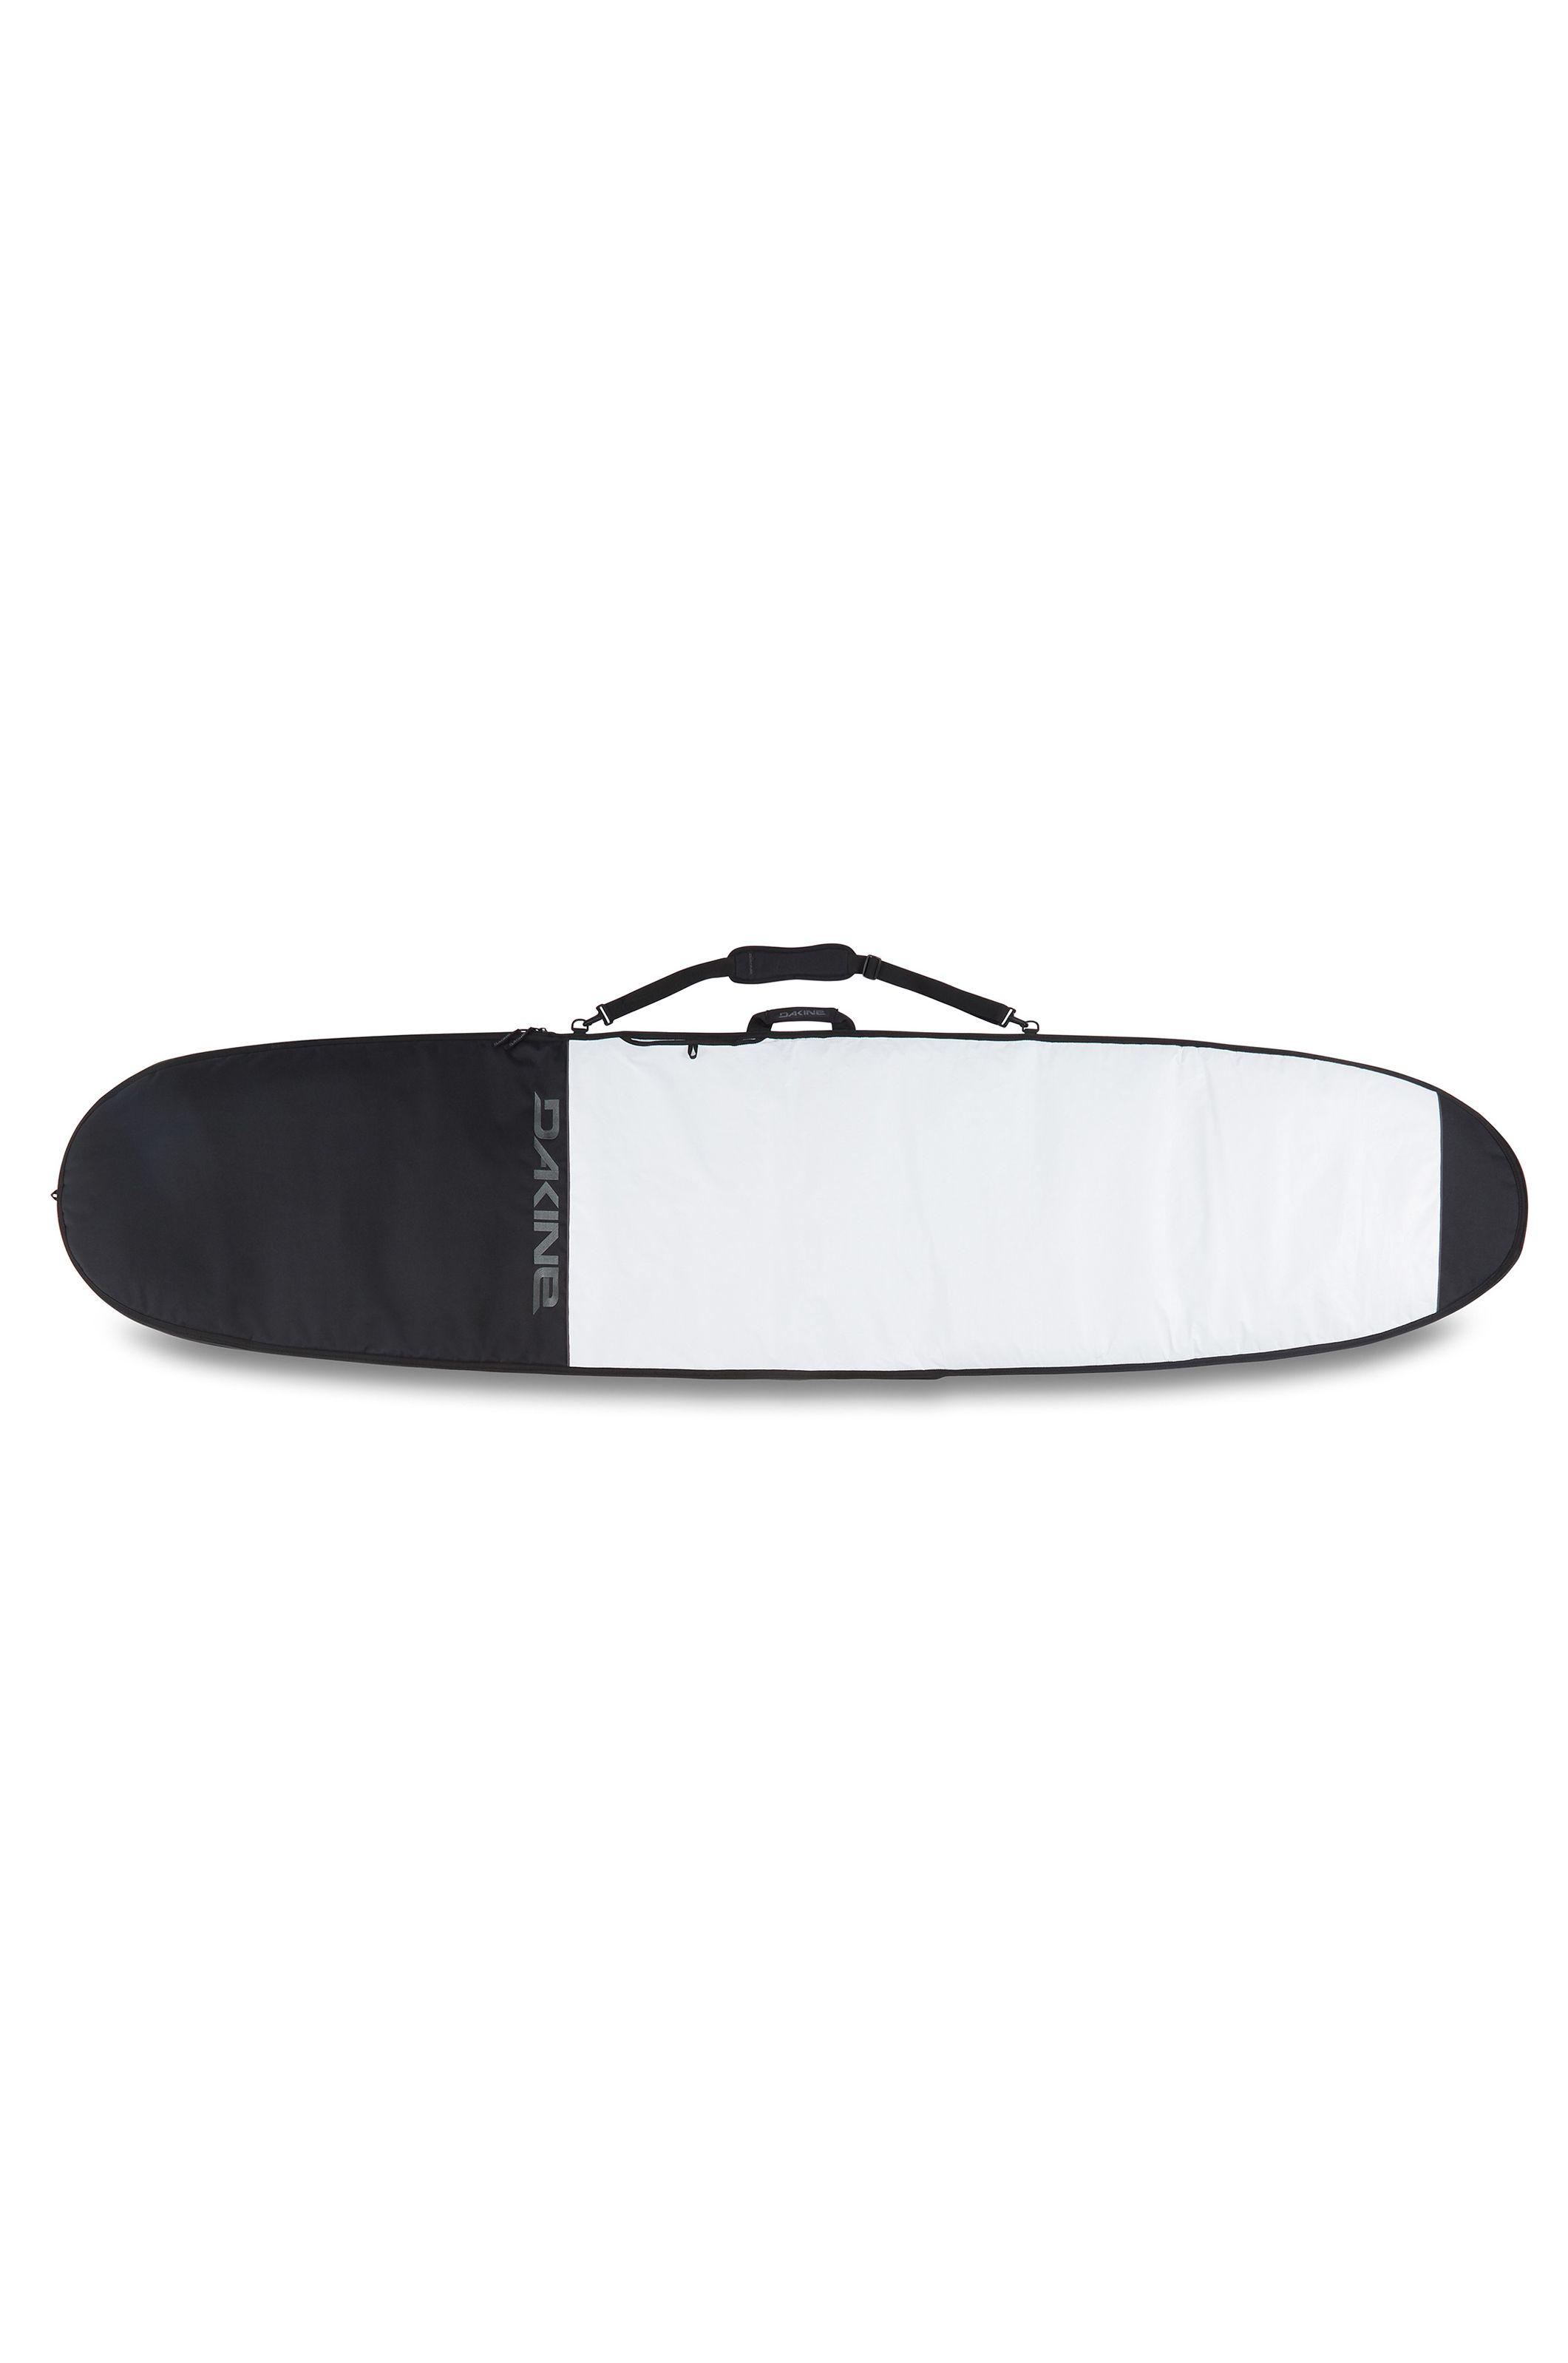 Dakine Boardbag 9'6 DAYLIGHT SURFBOARD BAG NOSERIDER White
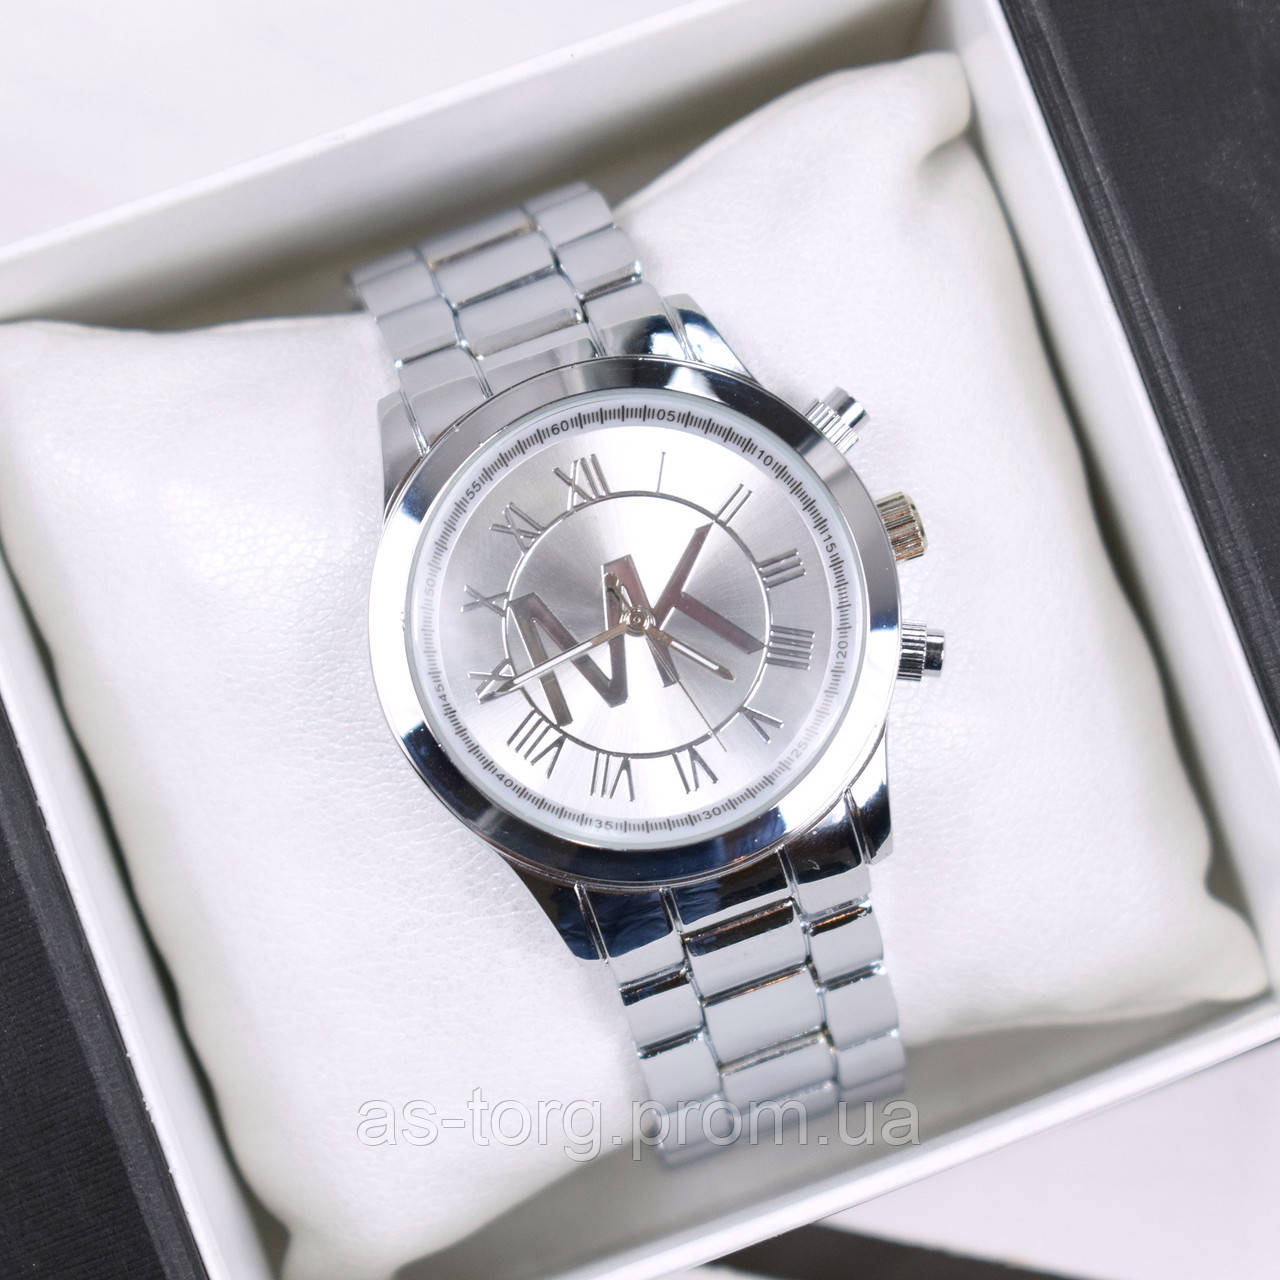 13430a347a96 Часы женские наручные MK Oslo серебро, часы дропшиппинг  продажа ...
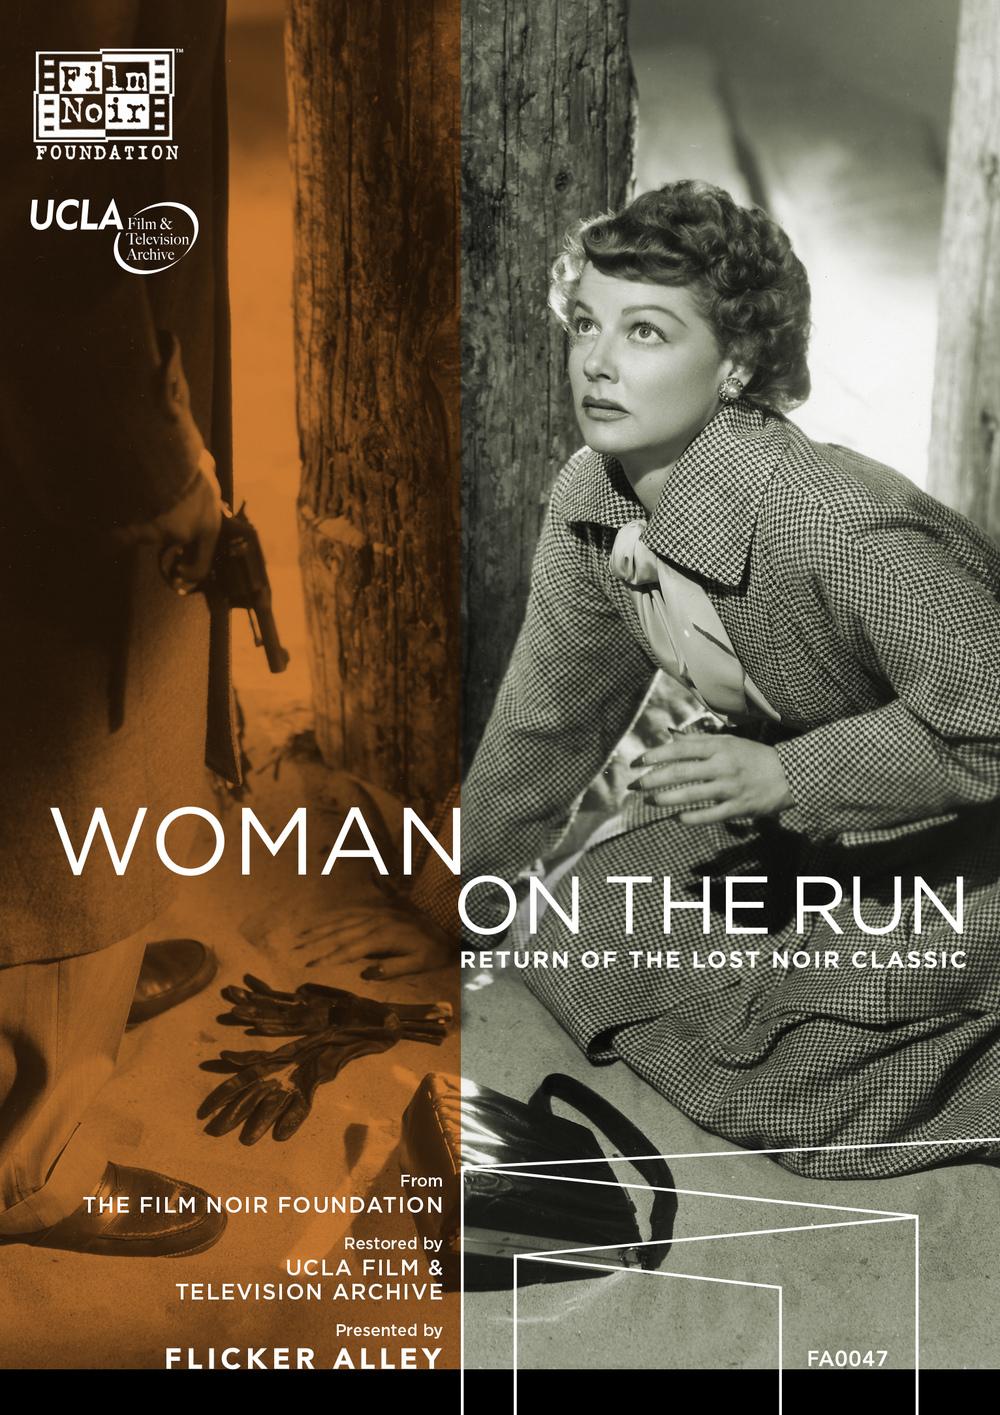 Woman+on+the+run-2.jpg
-*-
Work item | Repeat the listing above word for word, omitting the pictures.

Exercise result |
 Dakine Boardbag 9'6 DAYLIGHT SURFBOARD BAG NOSERIDER White
 13430a347a96 Часы женские наручные MK Oslo серебро, часы дропшиппинг  продажа ...
 Woman+on+the+run-2.jpg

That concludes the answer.